▶ DATA BELOW
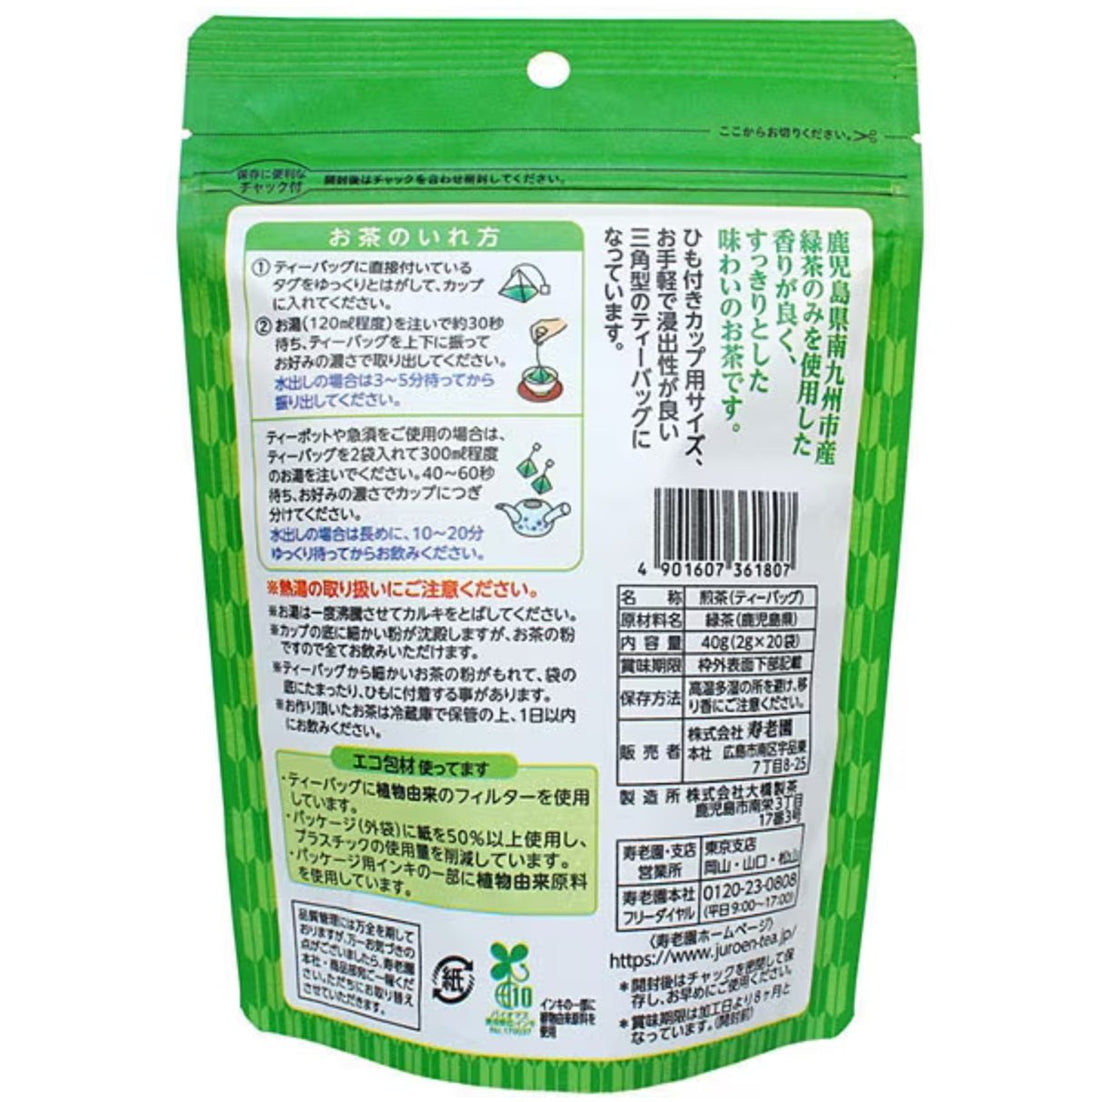 Juroen tea production area finished Chiran green tea tea bags 2g x 20 bags - NihonMura
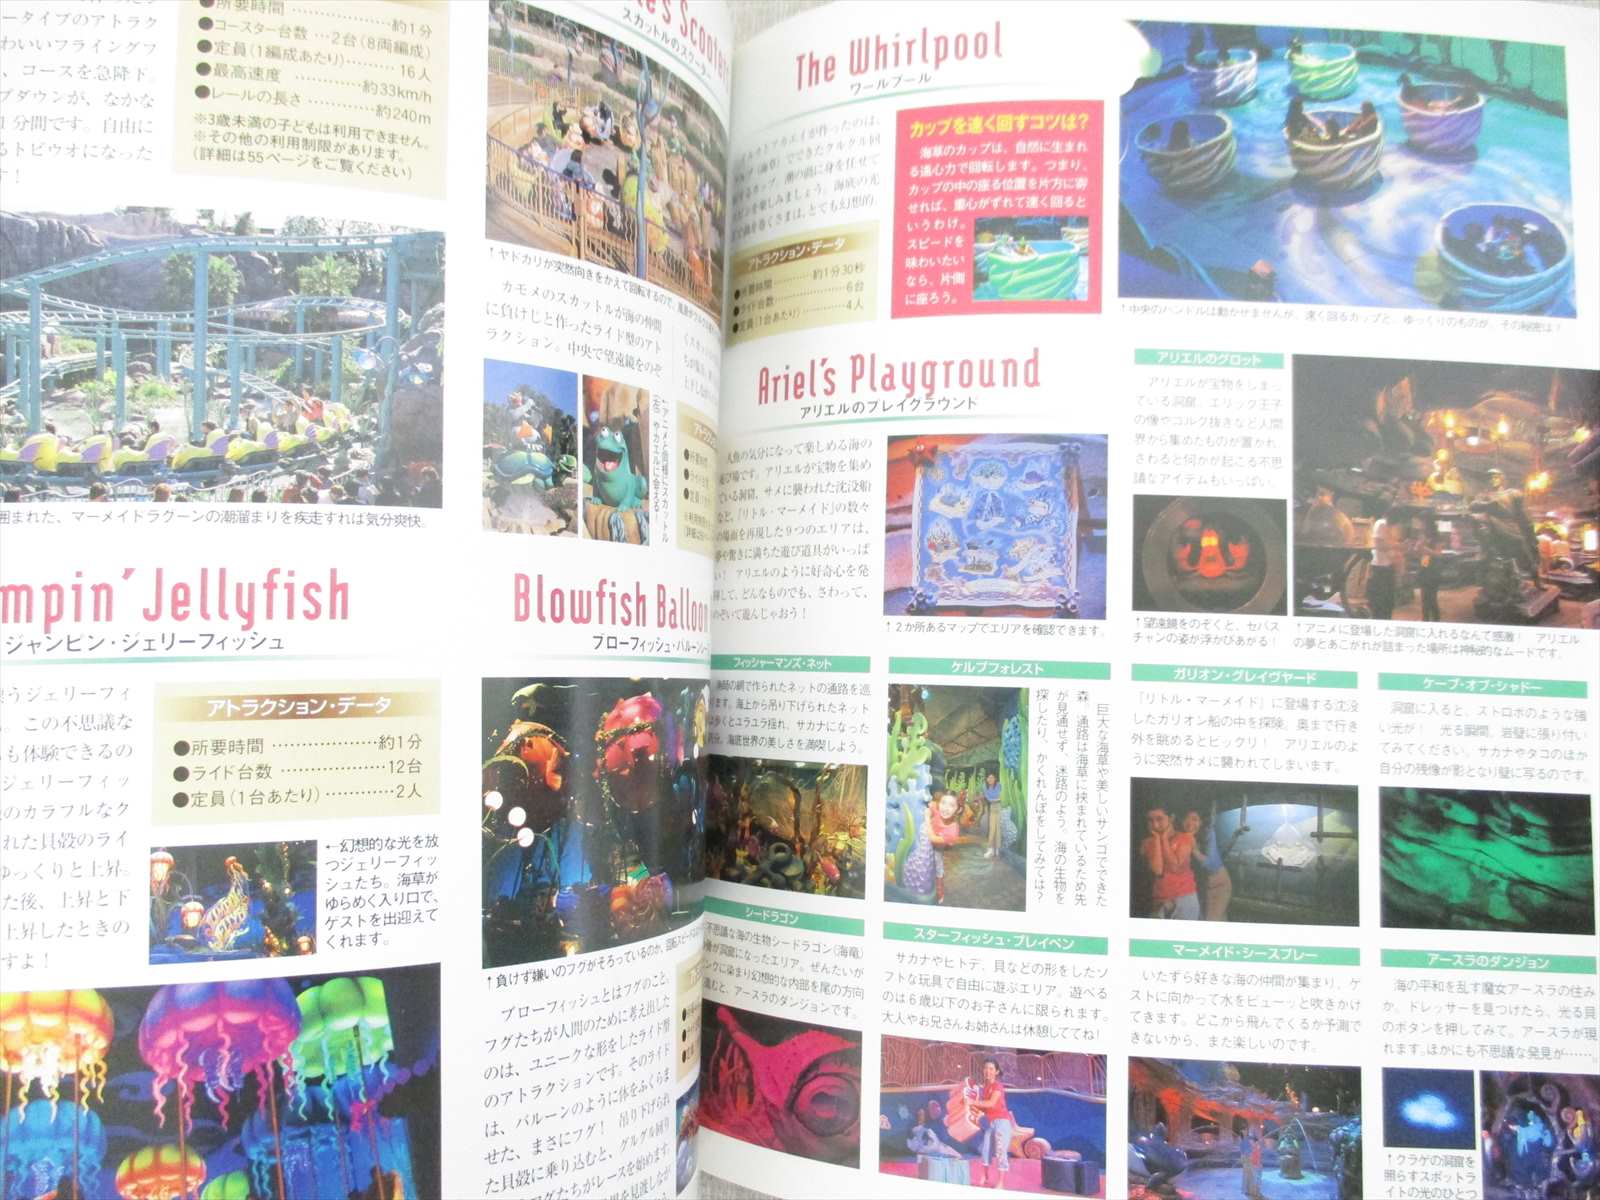 Tokyo Disneysea Attraction Guide Book 03 Art Japan Disney Resort Ko52 Ebay
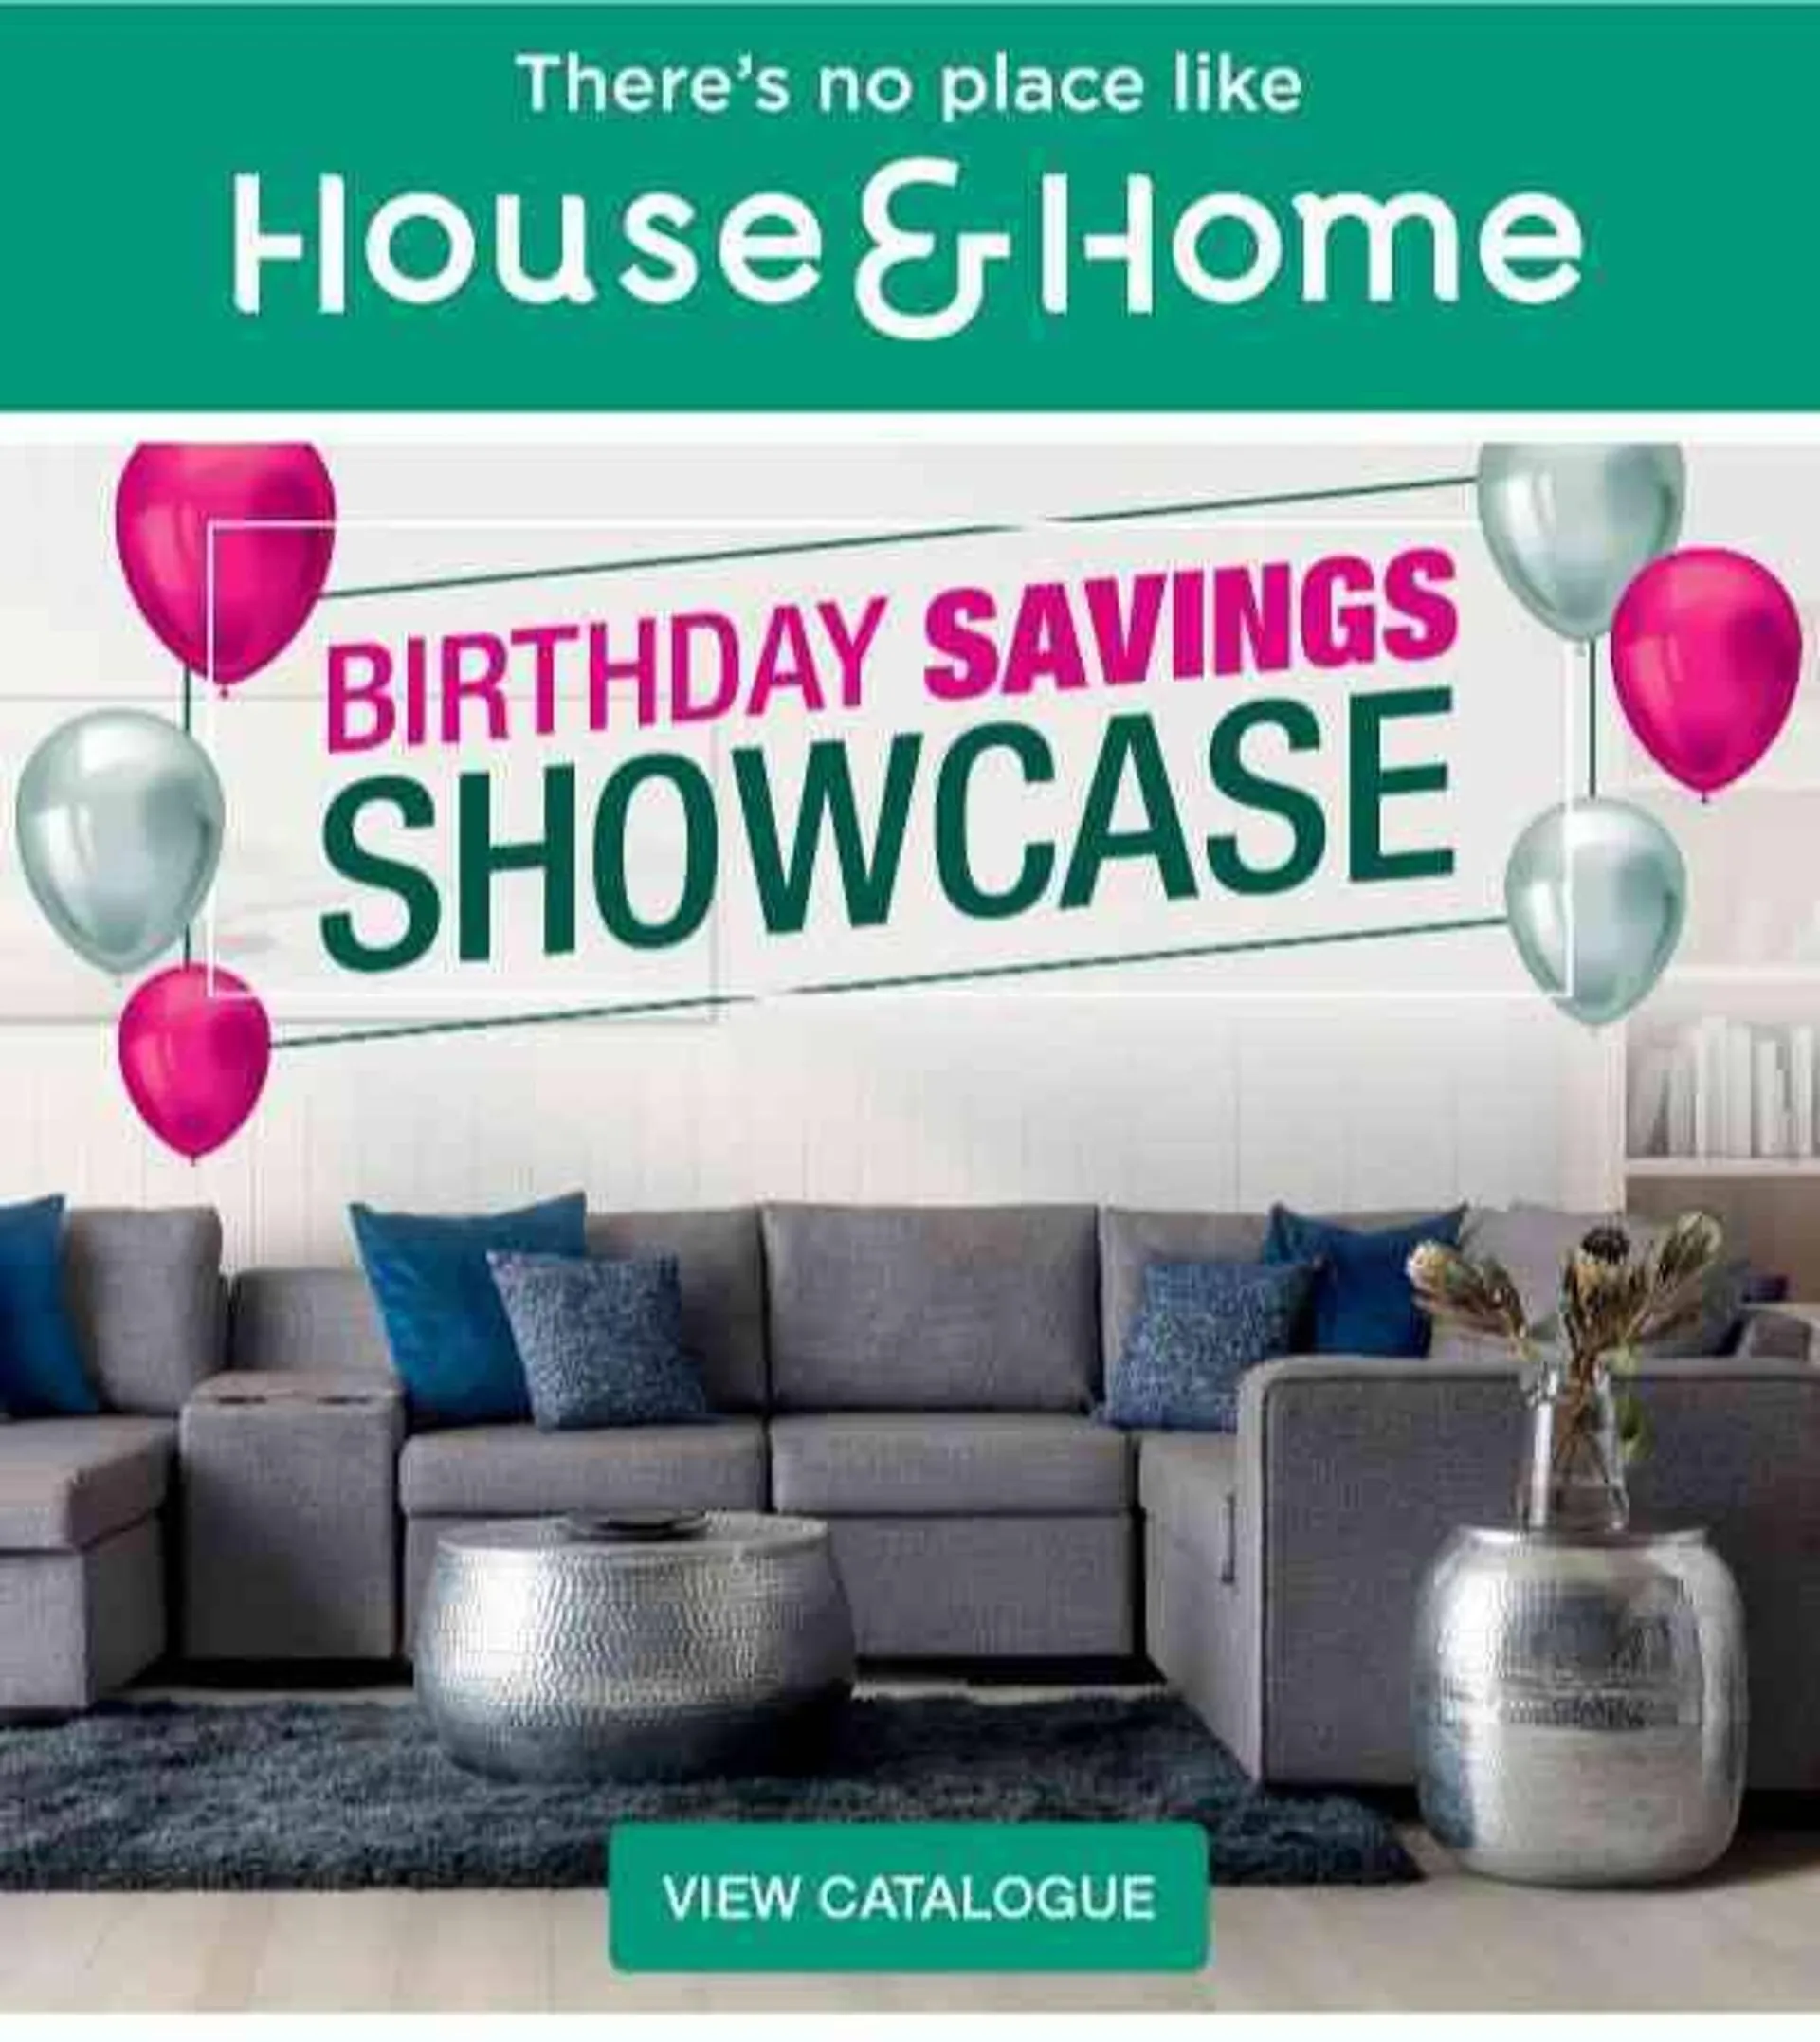 House & Home catalogue - 1

▶ WHAT THIS TASK INVOLVES
What you output must be exactly the lines from the line with "Tokyo Disneysea Attraction" through the last line of the listing, pictures excluded.

▶ YOUR SOLUTION
 Tokyo Disneysea Attraction Guide Book 03 Art Japan Disney Resort Ko52 Ebay
 House & Home catalogue - 1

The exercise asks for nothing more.